On 04/04/16 11:13, Evandro Menezes wrote:
On 04/01/16 18:08, Wilco Dijkstra wrote:
Evandro Menezes wrote:
I hope that this gets in the ballpark of what's been discussed
previously.
Yes that's very close to what I had in mind. A minor issue is that
the vector
modes cannot work as they start at MAX_MODE_FLOAT (which is > 32):
+/* Control approximate alternatives to certain FP operators. */
+#define AARCH64_APPROX_MODE(MODE) \
+ ((MIN_MODE_FLOAT <= (MODE) && (MODE) <= MAX_MODE_FLOAT) \
+ ? (1 << ((MODE) - MIN_MODE_FLOAT)) \
+ : (MIN_MODE_VECTOR_FLOAT <= (MODE) && (MODE) <=
MAX_MODE_VECTOR_FLOAT) \
+ ? (1 << ((MODE) - MIN_MODE_VECTOR_FLOAT + MAX_MODE_FLOAT + 1)) \
+ : (0))
That should be:
+ ? (1 << ((MODE) - MIN_MODE_VECTOR_FLOAT + MAX_MODE_FLOAT -
MIN_MODE_FLOAT + 1)) \
It would be worth testing all the obvious cases to be sure they work.

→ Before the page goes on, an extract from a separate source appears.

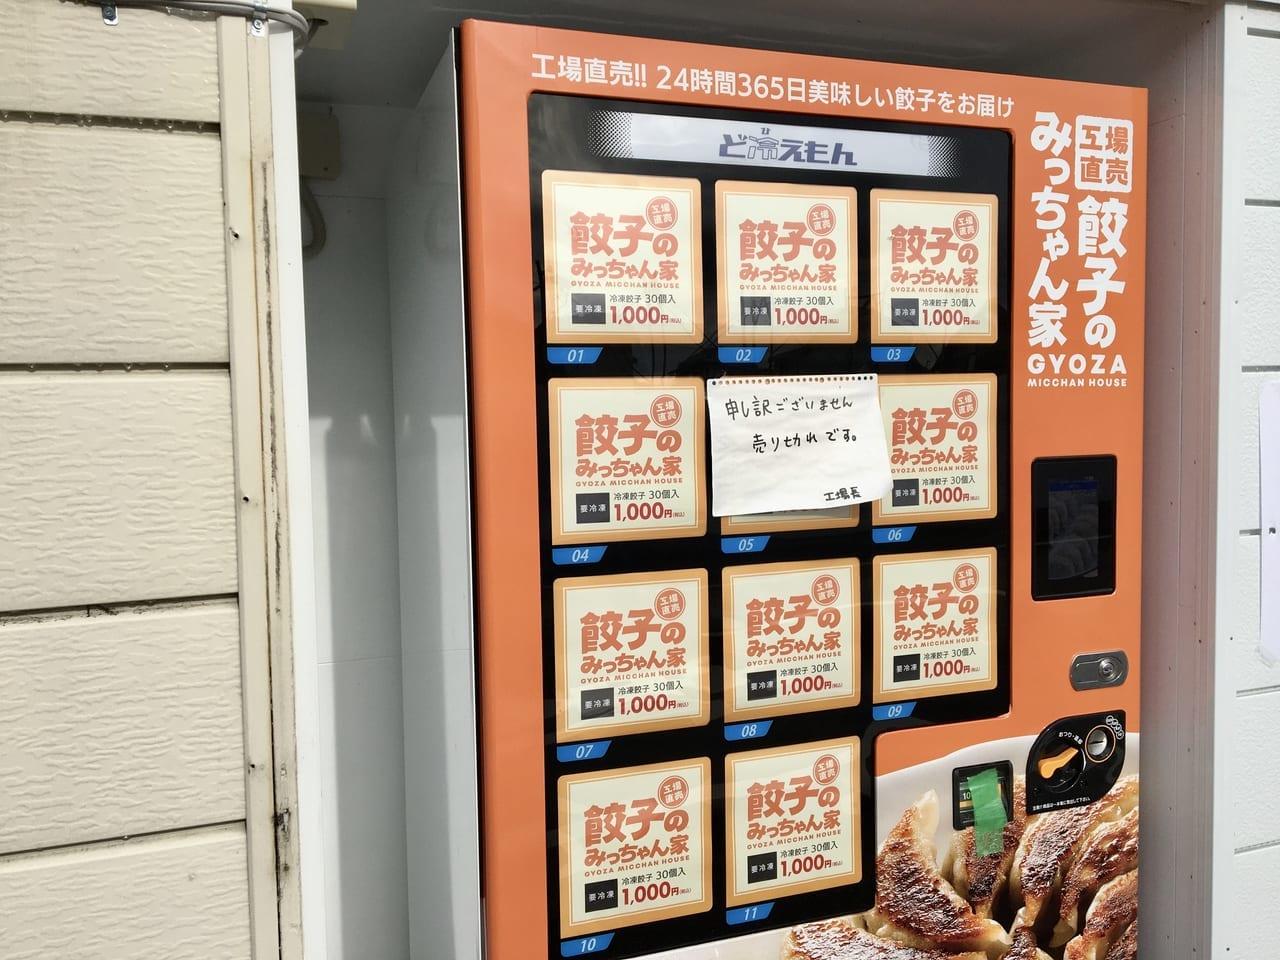 餃子のみっちゃん家の冷凍自動販売機

Also I don't think it is a good idea to enable all modes on Exynos-M1
and XGene-1 -
I haven't seen any evidence that shows it gives a speedup on real
code for all modes
(or at least on a good micro benchmark like the unit vector test I
suggested - a simple
throughput test does not count!).
This approximation does benefit M1 in general across several
benchmarks. As for my choice for Xgene1, it preserves the original
setting. I believe that, with this more granular option, developers
can fine tune their targets.
The issue is it hides performance gains from an improved divider/sqrt
on new revisions
or microarchitectures. That means you should only enable cases where
there is evidence
of a major speedup that cannot be matched by a future improved
divider/sqrt.
I did notice that some benchmarks with heavy use of multiplication or
multiply-accumulation, the series may be detrimental, since it
increases the competition for the unit(s) that do(es) such operations.
But those micro-architectures that get a better unit for division or
sqrt() are free to add their own tuning parameters. Granted, I assume
that running legacy code is not much of an issue only in a few markets.
Ping^1
--
Evandro Menezes